Fracture risk in hepatitis C virus infected persons: Results from the DANVIR cohort study
Journal of Hepatology
July 2014
Ann-Brit Eg Hansen1,, Lars Haukali Omland2,, Henrik Krarup3, Niels Obel2,
on behalf of the DANVIR cohort study
1Department of Pulmonary and Infectious Diseases, Copenhagen University Hospital, Nordsjaellands Hospital, Hillerod, Denmark; 2Department of
Infectious Diseases, Copenhagen University Hospital, Rigshospitalet, Copenhagen, Denmark; 3Section of Molecular Diagnostics, Clinical
Biochemistry, Aalborg University Hospital, Aalborg Hospital, Aalborg, Denmark
Background & Aims
The association between Hepatitis C virus (HCV)-infection and fracture risk is not well characterized. We compared fracture risk between HCV-seropositive (HCV-exposed) patients and the general population and between patients with cleared and chronic HCV-infection.
Methods
Outcome measures were time to first fracture at any site, time to first low-energy and first non-low-energy (other) fracture in 12,013 HCV-exposed patients from the DANVIR cohort compared with a general population control cohort (n = 60,065) matched by sex and age. Within DANVIR, 4500 patients with chronic HCV-infection and 2656 patients with cleared HCV-infection were studied.
Results
Compared with population controls, HCV-exposed patients had increased overall risk of fracture [adjusted incidence rate ratio (aIRR) 2.15, 95% Confidence Interval (CI) 2.03-2.28], increased risk of low-energy fracture (aIRR 2.13, 95% CI: 1.93-2.35) and of other fracture (aIRR 2.18, 95% CI: 2.02-2.34). Compared with cleared HCV-infection, chronic HCV-infection was not associated with increased risk of fracture at any site (aIRR 1.08, 95% CI: 0.97-1.20), or other fracture (aIRR 1.04, 95% CI: 0.91-1.19). The aIRR for low-energy fracture was 1.20 (95% CI: 0.99-1.44).
Conclusions
HCV-exposed patients had increased risk of all fracture types. In contrast, overall risk of fracture did not differ between patients with chronic vs. cleared HCV-infection, although chronic HCV-infection might be associated with a small excess risk of low-energy fractures. Our study suggests that fracture risk in HCV-infected patients is multi-factorial and mainly determined by lifestyle-related factors associated with HCV-exposure.
Abbreviations:
HCV (hepatitis C virus), CI (confidence interval), aIRR (adjusted incidence rate ratio), BMD (bone mineral density), CRS (Civil Registration System), DNPR (Danish National Hospital Registry), ICD-8 (International Classification of Diseases, revision 8), ICD-10 (International Classification of Diseases, revision 8), IDU (intravenous drug use), CCI (Charlson Comorbidity Index), IRR (incidence rate ratio), PY (person years of observation)
Introduction
It is well known that advanced liver disease caused by hepatitis C virus (HCV) is associated with reduced bone mineral density (BMD) [1]. It remains controversial whether chronic HCV-infection has detrimental effect on bone health in the absence of advanced liver disease or other risk factors. Some studies have reported low BMD among non-cirrhotic HCV-infected patients [[2], [3]] while other studies have indicated that HCV-infected patients without significant liver disease or alcohol/drug use have BMD values similar to age-matched controls [[4], [5]].
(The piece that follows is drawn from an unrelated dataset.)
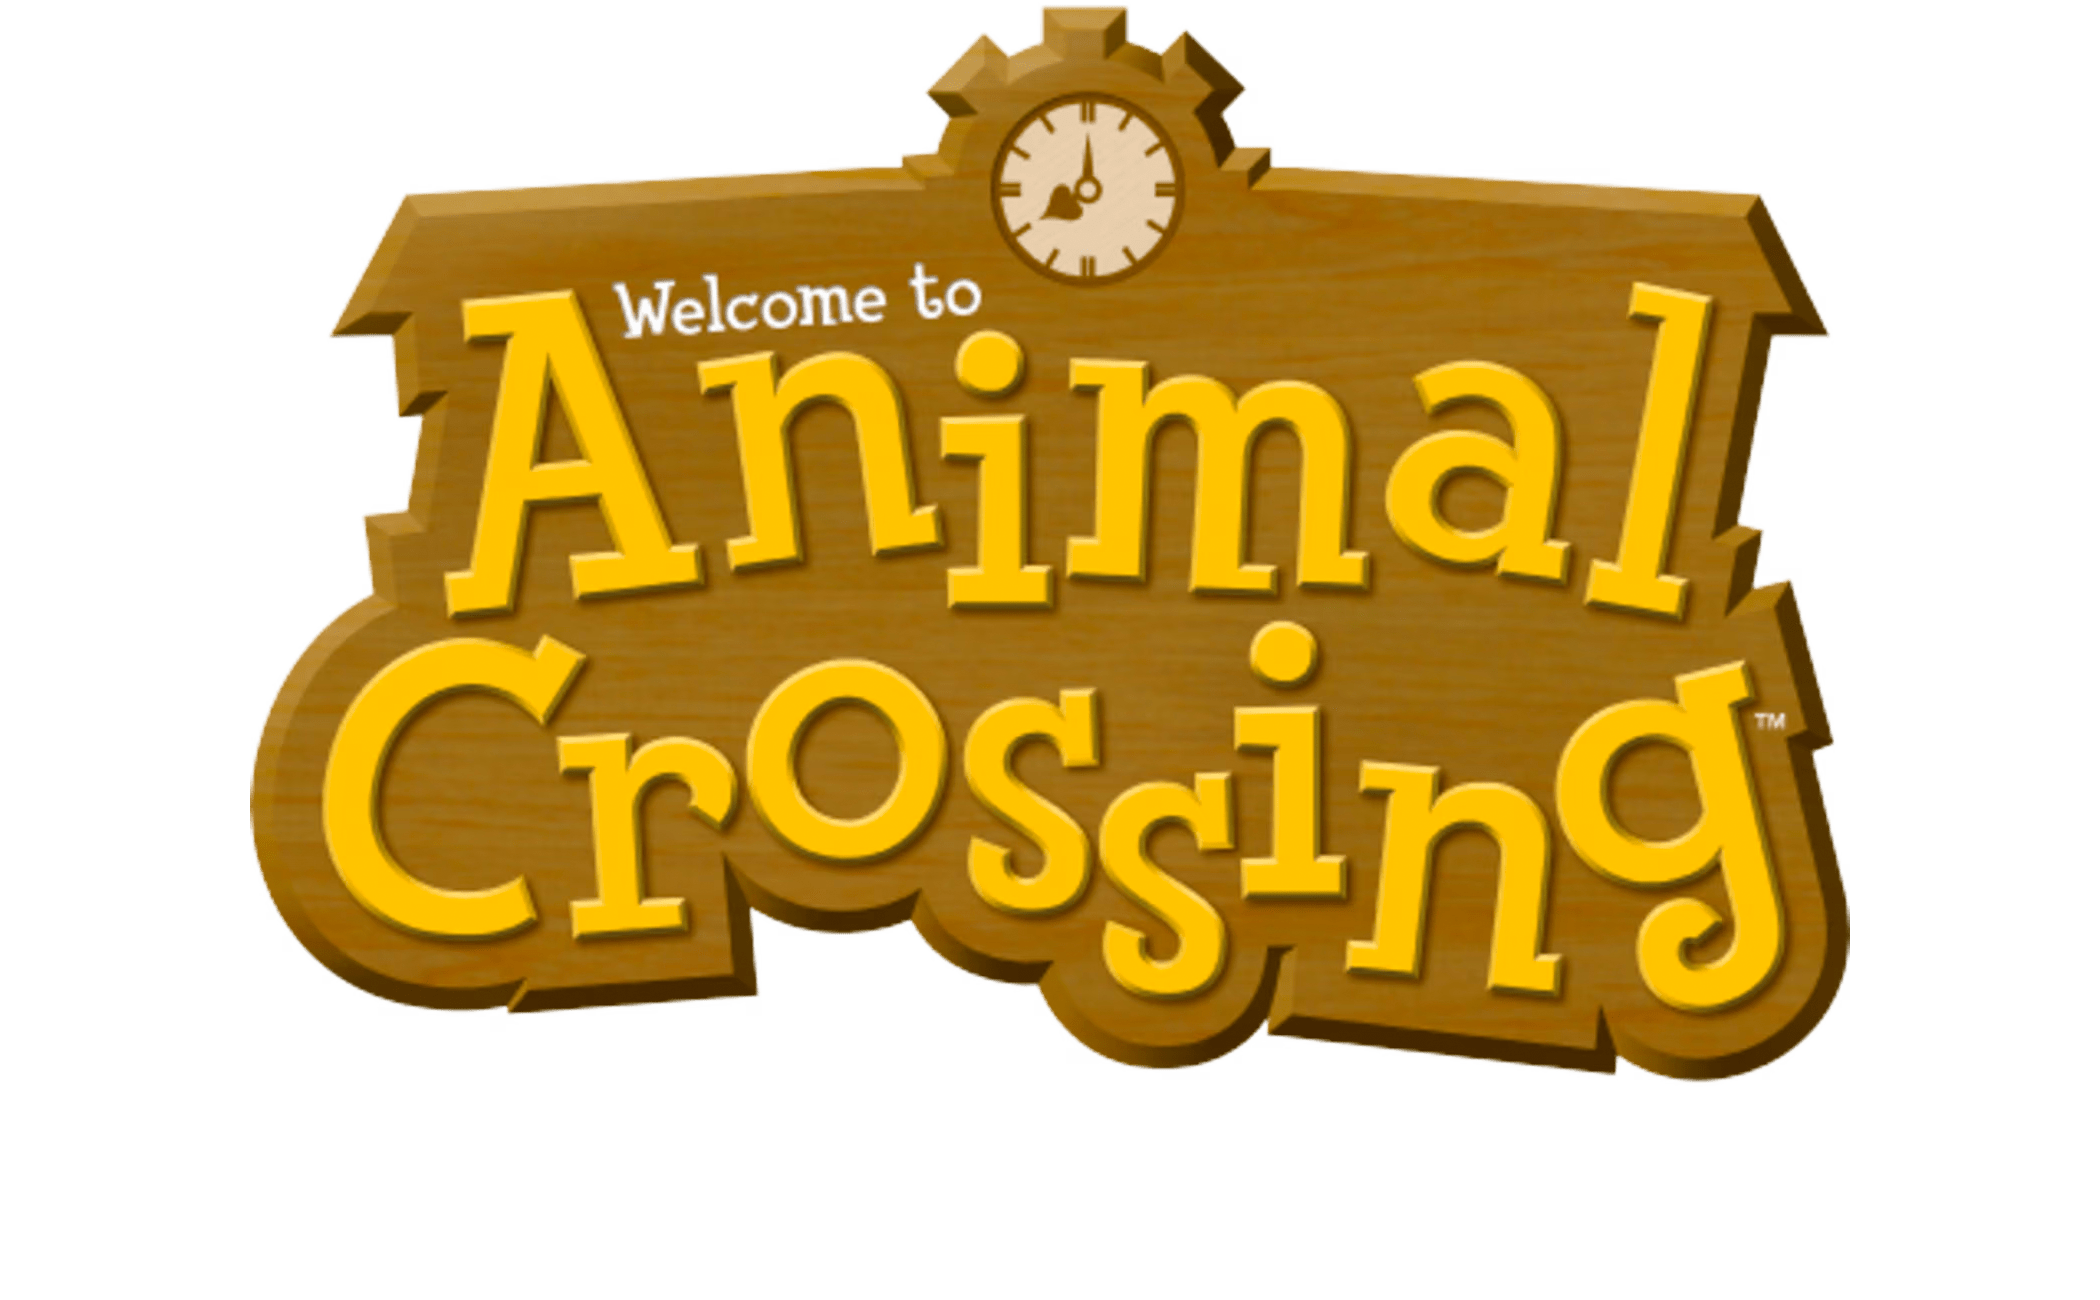 Welcome to Animal Crossing logo

Osteoporotic fractures have substantial public health impact [6] and it is therefore important to establish whether the reported increased risk of low BMD in HCV-infected individuals translate into increased incidence of fractures.
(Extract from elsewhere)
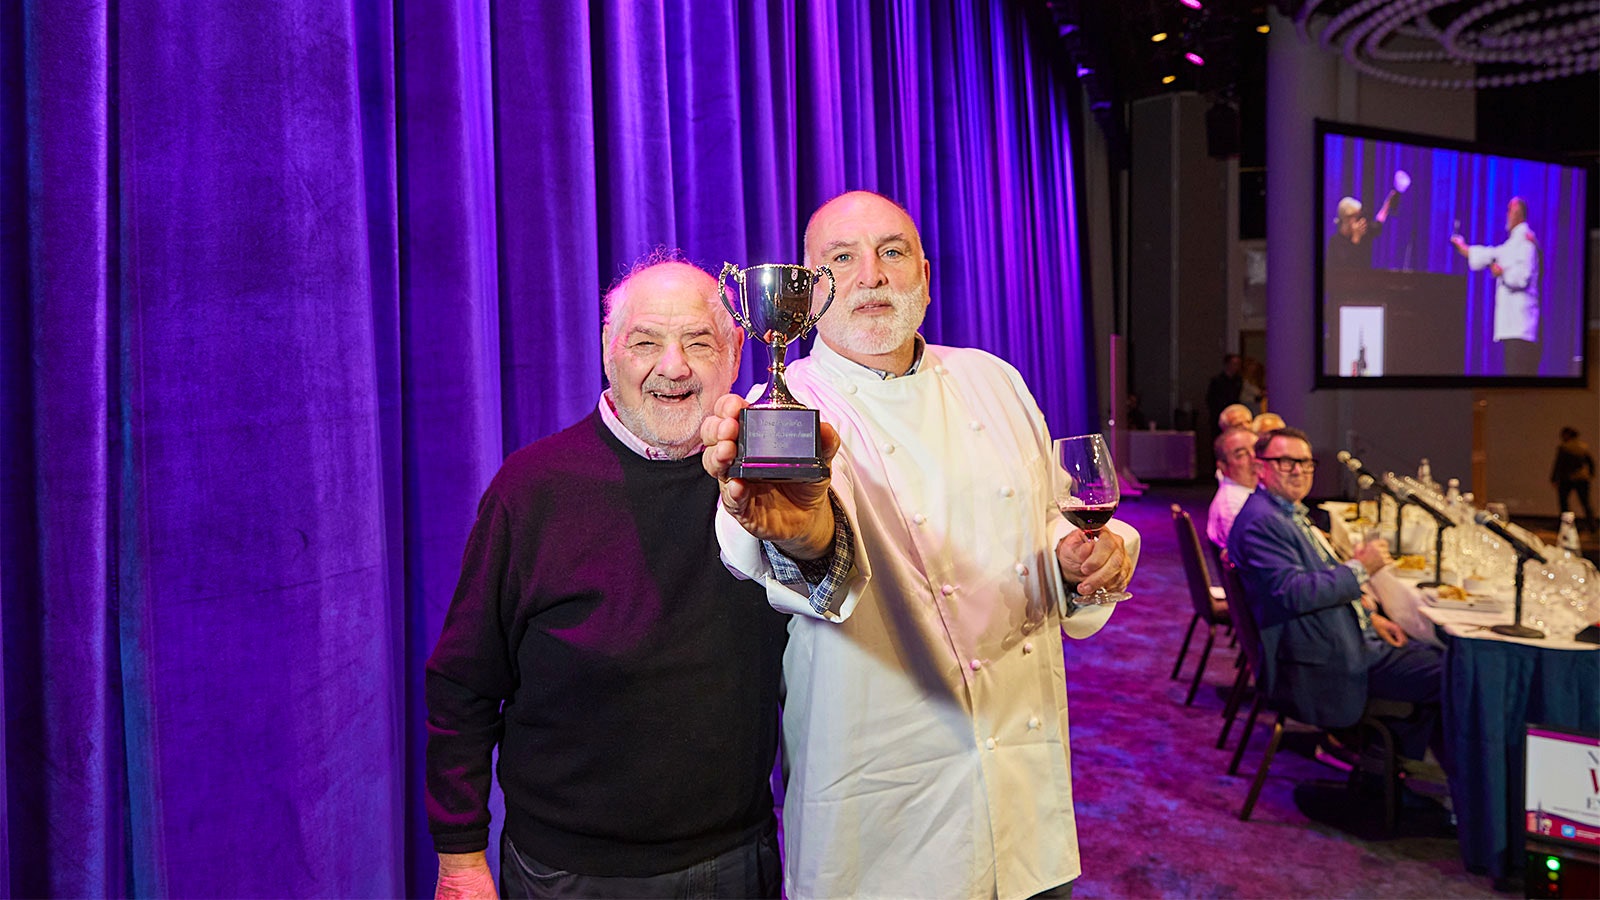  Chef José Andres holds the trophy as close to the camera as possible while he has arm around Marvin R. Shanken

Only few studies have examined fracture risk in HCV-mono-infected patients. In a large cohort study, Lo Re et al. [7] observed increased risk of hip fractures among patients with HCV-infection compared with HCV-uninfected persons. This study did not report results for viremic vs. non-viremic patients and the mechanisms for the increased fracture risk are not well understood. It remains important to further examine the association between fracture risk in HCV-seropositive individuals and the contribution of chronic viremia vs. the contribution of lifestyle related risk factors associated with HCV-exposure such as illicit drug use, alcohol abuse, poor nutrition and increased risk of trauma.
In HIV-infection, it is well established that HCV-co-infection is associated with increased risk of fracture [[8], [9], [10]]. Recently, we extended these findings by demonstrating that HIV/HCV-co-infected patients had increased risk of both low-energy and high-energy fractures compared to both HIV-mono-infected patients and population controls [8]. The increased risk of high-energy fractures suggests that increased risk of trauma contributes to fracture risk in patients with HIV/HCV-co-infection. However HIV/HCV-co-infected patients represent an extremely marginalized group and the results may not be generalizable to HCV-mono-infected persons.
Additional data therefore are needed to clarify the association between HCV-infection and risk of fracture. In the present study, we compare the risks of fracture at any site, low-energy fractures, and other fractures including high-energy fractures in a Danish cohort of HCV-seropositive (HCV-exposed) patients and a population-based comparison cohort matched on age and sex. We further examine the incidence of low-energy and other fractures within the HCV cohort, comparing patients who were viremic (HCV RNA-positive) with those who were non-viremic (HCV RNA-negative) following a positive test for HCV antibodies.
Discussion
In this large population-based, nationwide cohort study we observed a more than two fold increased risk of fracture in HCV-exposed patients compared to the general population and the risk was equally raised for low-energy and other fracture types. Furthermore the overall risk of fracture did not differ between patients with chronic vs. cleared HCV-infection.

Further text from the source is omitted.